§ **TASK INSTRUCTIONS**:
Starting at the line that contains "eğirdir haber,akın gazetesi,egirdir", copy each line through the end of the listing below. Include both ends and output nothing more.

§ **MATERIAL FOR THIS TASK**:
---------------
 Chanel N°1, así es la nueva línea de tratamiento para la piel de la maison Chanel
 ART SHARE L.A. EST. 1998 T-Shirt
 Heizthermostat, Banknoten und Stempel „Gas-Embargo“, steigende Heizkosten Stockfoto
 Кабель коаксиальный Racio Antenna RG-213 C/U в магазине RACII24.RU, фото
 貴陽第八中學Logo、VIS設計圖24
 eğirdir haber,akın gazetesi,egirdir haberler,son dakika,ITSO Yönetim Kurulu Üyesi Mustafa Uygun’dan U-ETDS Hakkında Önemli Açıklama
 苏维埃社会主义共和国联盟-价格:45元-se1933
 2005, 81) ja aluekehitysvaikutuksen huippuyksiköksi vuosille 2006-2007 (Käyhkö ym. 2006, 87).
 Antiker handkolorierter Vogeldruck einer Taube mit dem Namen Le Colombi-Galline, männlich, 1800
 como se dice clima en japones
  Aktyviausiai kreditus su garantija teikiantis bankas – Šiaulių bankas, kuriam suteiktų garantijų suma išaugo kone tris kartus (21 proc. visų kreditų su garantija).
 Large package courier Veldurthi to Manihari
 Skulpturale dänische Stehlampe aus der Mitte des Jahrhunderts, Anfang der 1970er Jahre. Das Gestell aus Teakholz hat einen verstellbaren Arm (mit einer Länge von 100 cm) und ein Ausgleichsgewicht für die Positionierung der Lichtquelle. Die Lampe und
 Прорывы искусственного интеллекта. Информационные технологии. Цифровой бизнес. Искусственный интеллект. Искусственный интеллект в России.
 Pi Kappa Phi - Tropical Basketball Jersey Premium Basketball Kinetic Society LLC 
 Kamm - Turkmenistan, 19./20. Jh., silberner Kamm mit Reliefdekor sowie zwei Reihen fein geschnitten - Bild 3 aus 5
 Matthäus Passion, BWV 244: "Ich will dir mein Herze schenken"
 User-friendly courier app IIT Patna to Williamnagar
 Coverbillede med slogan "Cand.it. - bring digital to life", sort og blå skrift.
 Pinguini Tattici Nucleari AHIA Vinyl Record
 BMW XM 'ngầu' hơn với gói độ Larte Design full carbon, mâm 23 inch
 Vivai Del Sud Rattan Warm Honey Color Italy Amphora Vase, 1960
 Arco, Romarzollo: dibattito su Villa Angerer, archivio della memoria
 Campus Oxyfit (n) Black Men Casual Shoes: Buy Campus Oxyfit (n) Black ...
---------------
§ **OUTPUT**:
 eğirdir haber,akın gazetesi,egirdir haberler,son dakika,ITSO Yönetim Kurulu Üyesi Mustafa Uygun’dan U-ETDS Hakkında Önemli Açıklama
 苏维埃社会主义共和国联盟-价格:45元-se1933
 2005, 81) ja aluekehitysvaikutuksen huippuyksiköksi vuosille 2006-2007 (Käyhkö ym. 2006, 87).
 Antiker handkolorierter Vogeldruck einer Taube mit dem Namen Le Colombi-Galline, männlich, 1800
 como se dice clima en japones
  Aktyviausiai kreditus su garantija teikiantis bankas – Šiaulių bankas, kuriam suteiktų garantijų suma išaugo kone tris kartus (21 proc. visų kreditų su garantija).
 Large package courier Veldurthi to Manihari
 Skulpturale dänische Stehlampe aus der Mitte des Jahrhunderts, Anfang der 1970er Jahre. Das Gestell aus Teakholz hat einen verstellbaren Arm (mit einer Länge von 100 cm) und ein Ausgleichsgewicht für die Positionierung der Lichtquelle. Die Lampe und
 Прорывы искусственного интеллекта. Информационные технологии. Цифровой бизнес. Искусственный интеллект. Искусственный интеллект в России.
 Pi Kappa Phi - Tropical Basketball Jersey Premium Basketball Kinetic Society LLC 
 Kamm - Turkmenistan, 19./20. Jh., silberner Kamm mit Reliefdekor sowie zwei Reihen fein geschnitten - Bild 3 aus 5
 Matthäus Passion, BWV 244: "Ich will dir mein Herze schenken"
 User-friendly courier app IIT Patna to Williamnagar
 Coverbillede med slogan "Cand.it. - bring digital to life", sort og blå skrift.
 Pinguini Tattici Nucleari AHIA Vinyl Record
 BMW XM 'ngầu' hơn với gói độ Larte Design full carbon, mâm 23 inch
 Vivai Del Sud Rattan Warm Honey Color Italy Amphora Vase, 1960
 Arco, Romarzollo: dibattito su Villa Angerer, archivio della memoria
 Campus Oxyfit (n) Black Men Casual Shoes: Buy Campus Oxyfit (n) Black ...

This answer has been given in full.